On Monday 29 June, in a replay of the military raids on the Jesuit radio station in El Progreso of the 1960s and 1970s, the Jesuits' progressive radio broadcasts were abruptly pulled off the air at four in the morning. On Sunday evening at 6 pm, just an hour after the coup government's curfew began, a military contingent broke into Radio Progreso's headquarters. With guns pointed, they shouted: “We’ve come to close down this piece of ****!” One broadcaster locked himself in to keep broadcasting throughout the night. Shortly after, another military convoy stopped outside Radio Progreso. A group of soldiers approached the radio station’s guard and asked him if there were any people still working inside. When the guard said no, the soldier in charge told him: “If we find someone inside, you will regret it.” And while the coup government, led by Roberto Micheletti, a native of El Progreso, threatened to shut down the station with violence, popular organisations resisting the undemocratic change in their government criticised the station for “watering down” its reporting of the tense and dynamic situation.[89]
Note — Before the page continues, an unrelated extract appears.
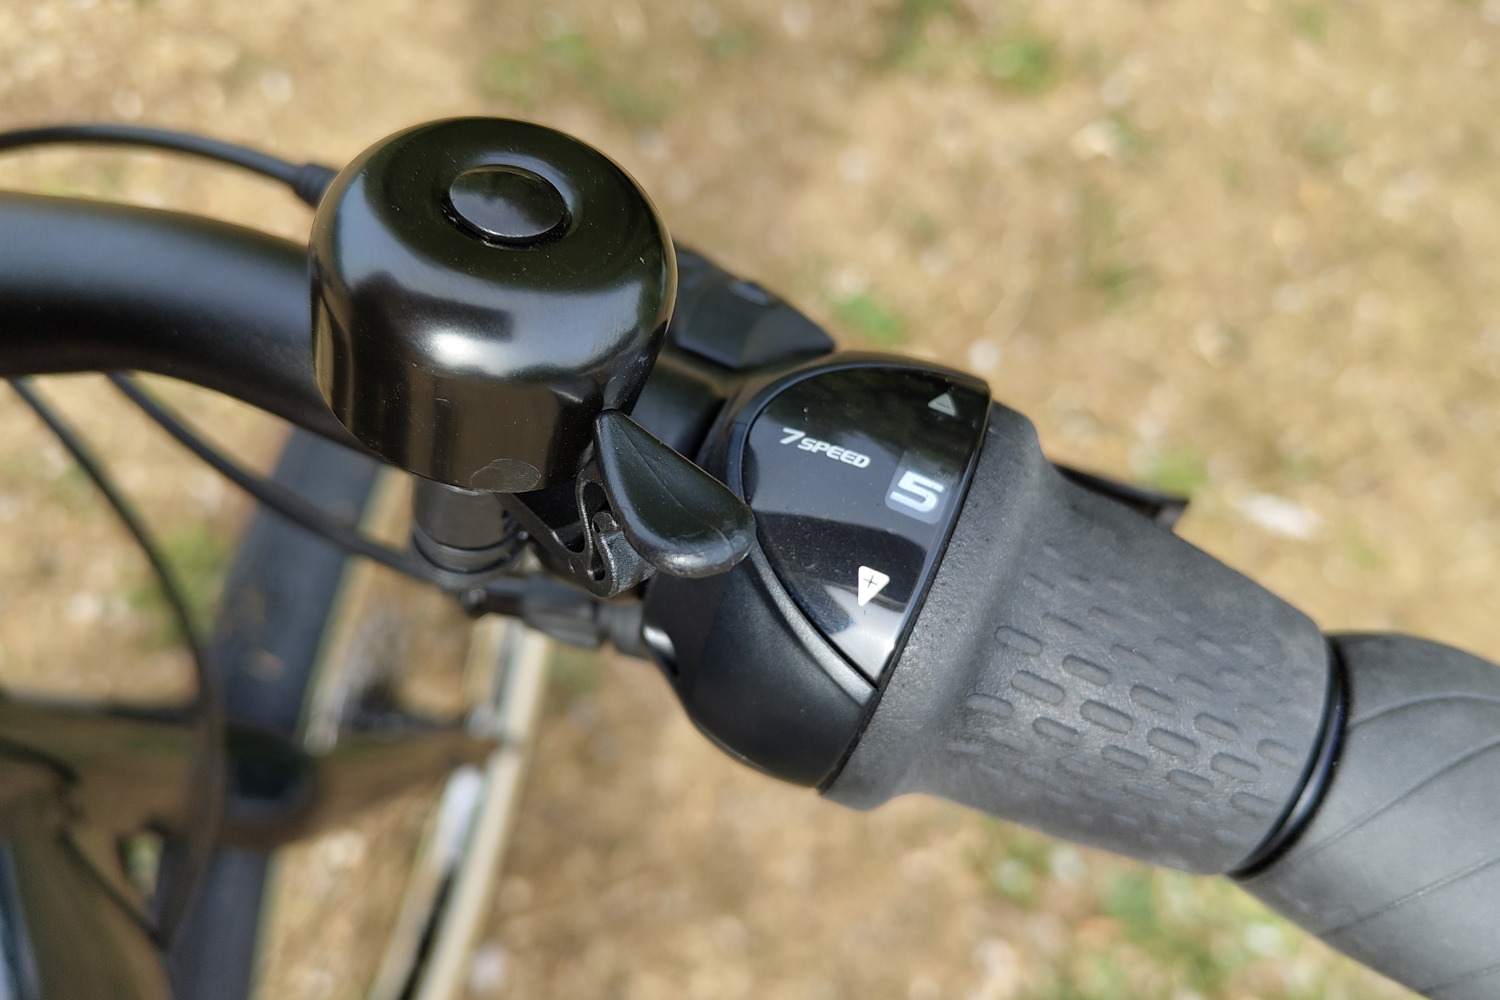 Momentum Transend E+ electric bike review gear shifter

According to a press release published on the website of Radio Globo Honduras, a station which has long sided with Zelaya,[90] a group of 60 soldiers took the radio off the air and the employees, including Alejandro Villatoro, were allegedly threatened and intimidated. The station was allowed to resume transmission, but staff had to follow some rules which they believed limited freedom of expression.[91] The website of the radio was down but has been re-established.[citation needed] Alejandro Villatoro said that he was arrested and kidnapped for some hours by the military forces.[92] On or just before 4 August 2009, the National Telecommunications Commission (CONATEL) terminated Radio Globo's transmission frequency rights.[93]
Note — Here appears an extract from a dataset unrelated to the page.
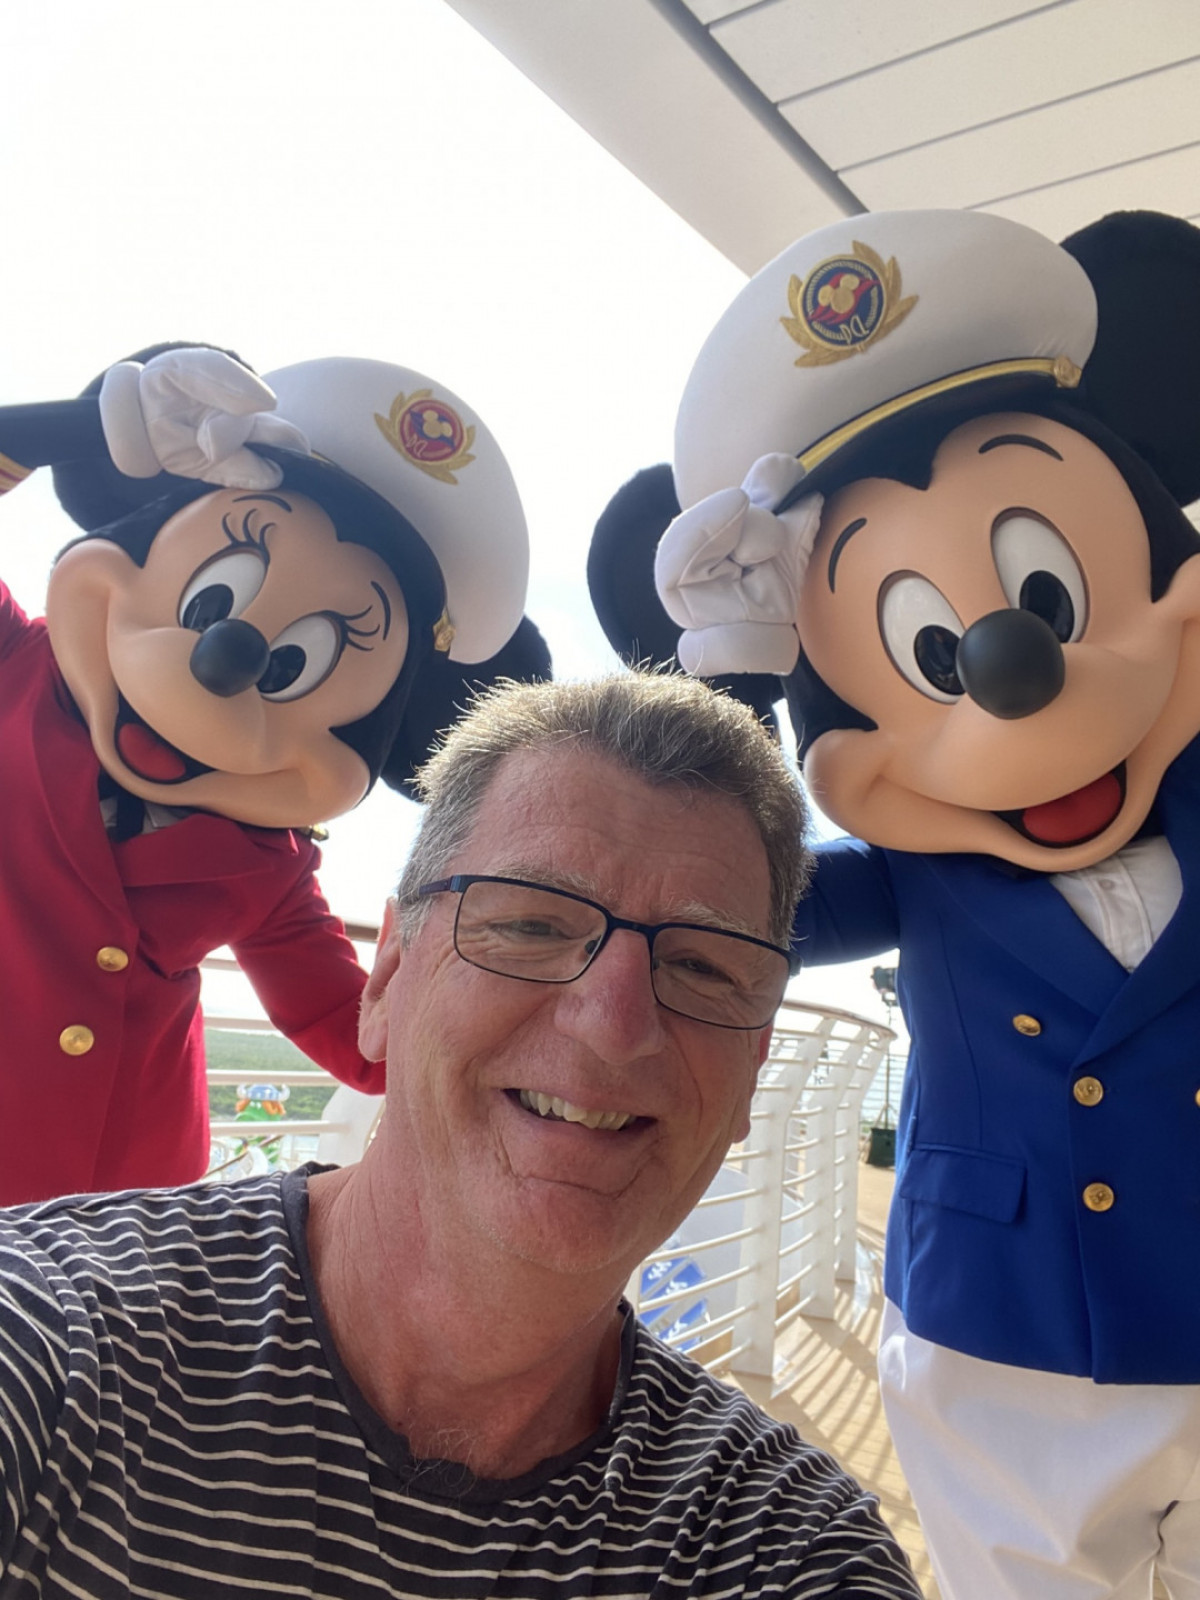 Disney Magic at Sea is coming to New Zealand

"Honduras' two leading radio networks, Radio América and Radio HRN, have urged Hondurans to resume their normal routine and not to protest."[94] Honduran newspaper La Prensa reported on 30 June that an armed group of Zelaya supporters, attacked its main headquarters by throwing stones and other objects at their windows, until police intervened. According to the paper, it was discovered that the group was led by Venezuelan and Nicaraguan nationalities.[95][unreliable source?]
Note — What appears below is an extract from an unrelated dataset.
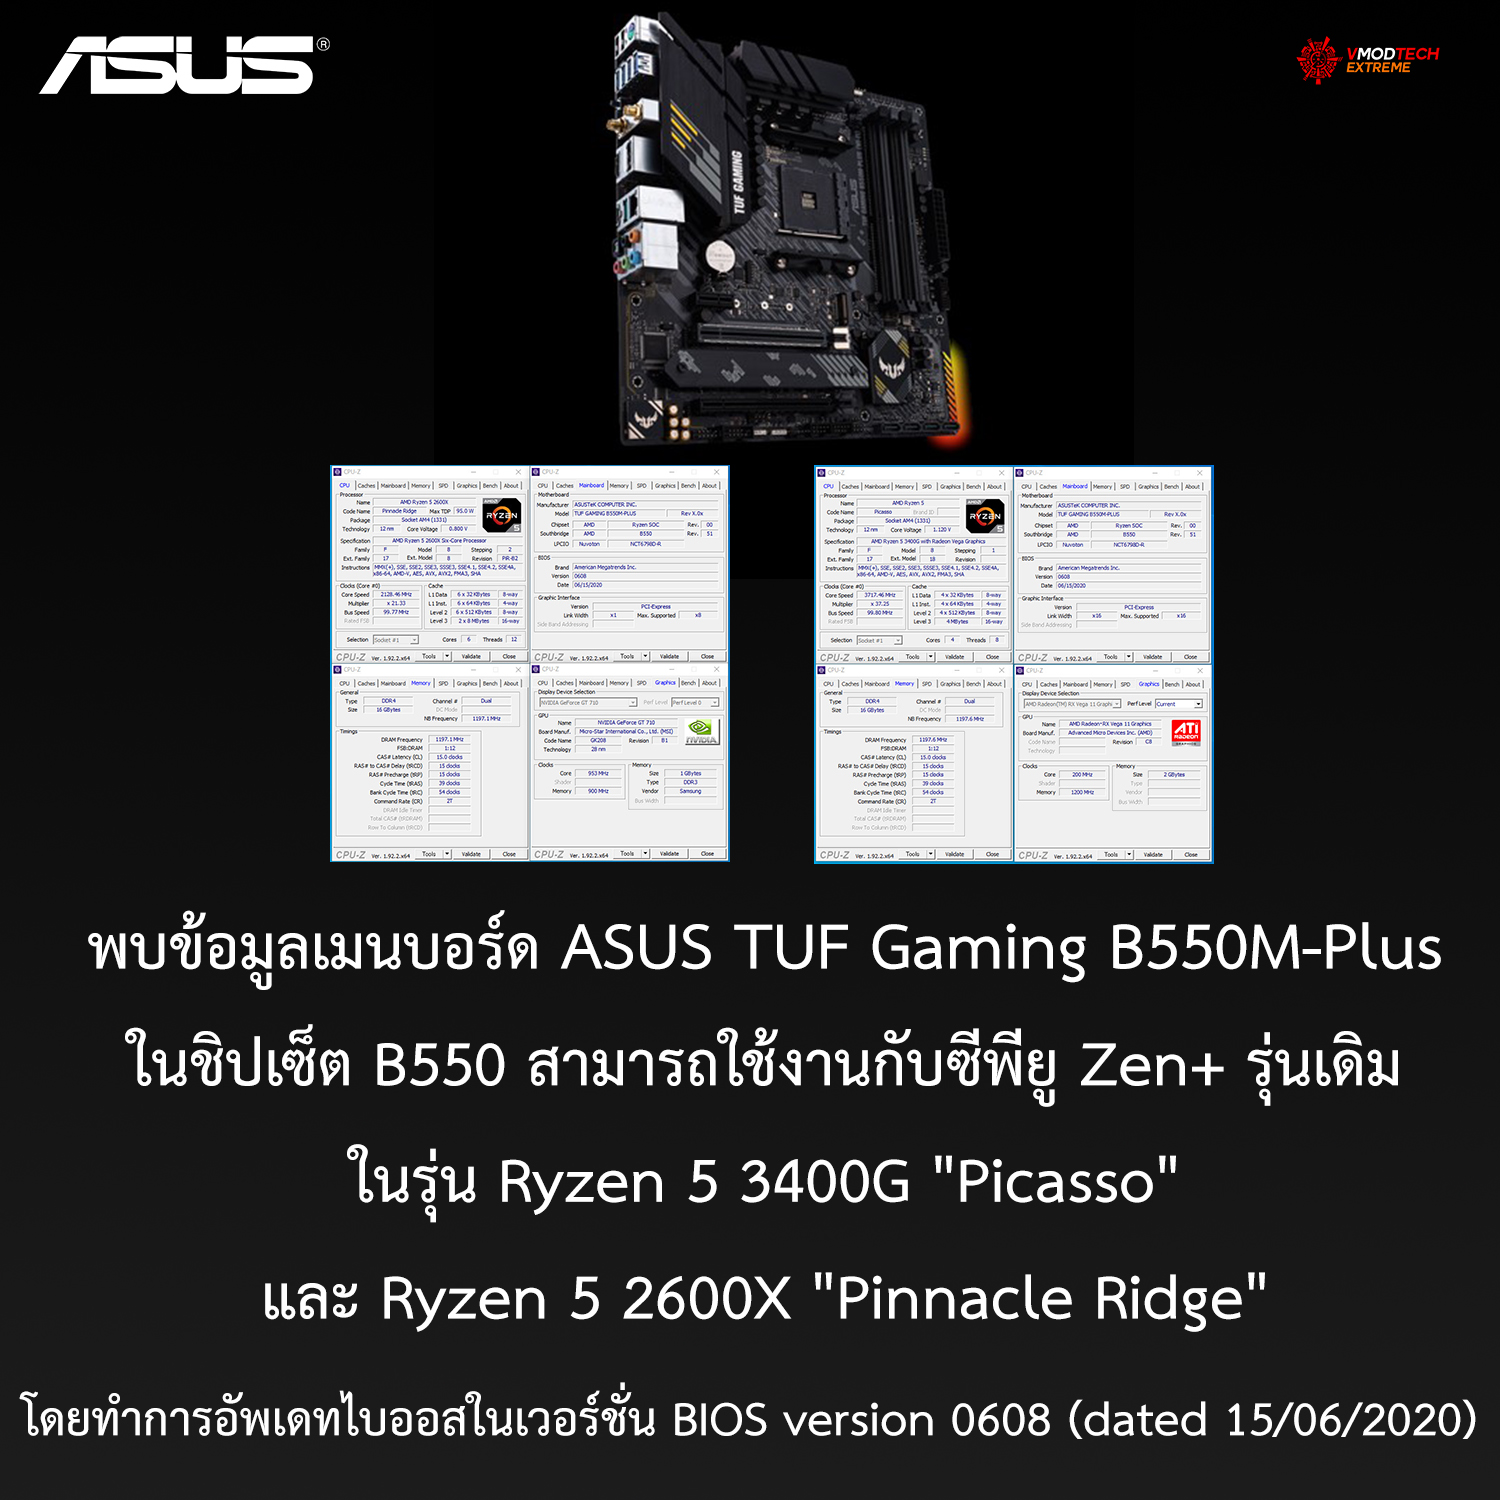 asus tuf gaming b550m plus bios update zen1 พบข้อมูลเมนบอร์ด AMD B550 สามารถใช้งานกับซีพียู Zen+ ในรุ่น Ryzen 5 3400G Picasso และ Ryzen 5 2600X Pinnacle Ridge

The Paris-based press freedom group Reporters Without Borders released a statement on 29 June stating that, "The suspension or closure of local and international broadcast media indicates that the coup leaders want to hide what is happening."[96]

Carlos Lauría of the New York-based Committee to Protect Journalists said: "The de facto government clearly used the security forces to restrict the news... Hondurans did not know what was going on. They clearly acted to create an information vacuum to keep people unaware of what was actually happening." However, in an interview published on 9 July 2009 in the Washington Post, Ramón Custodio López, Honduras's human rights ombudsman, said he had received no official complaints from journalists: "This is the first I have heard about an occupation or military raid of a station," he said. "I try to do the best job I can, but there are things that escape my knowledge."[87]

Aftermath[edit]

There were demonstrations supporting and opposing Zelaya's removal from power. The Zelaya administration has been investigated and the prosecution has continued even though Zelaya has not been captured.[97][98] Some organisations reported human rights violations[69][99][100][101][102][103] and media restrictions.[104] Zelaya made two open attempts to return to the country, which were rebuffed, and eventually returned clandestinely and sought asylum in the Brazilian embassy in Tegucigalpa. Negotiations between the coup government and those seeking Zelaya's restitution continued a rocky path; although the San José-Tegucigalpa-Guaymuras Accord was signed by both sides, the two sides had differing interpretations as to the implications for Zelaya's restitution. Some Hondurans have hoped to move past the coup through the elections of 29 November.[105]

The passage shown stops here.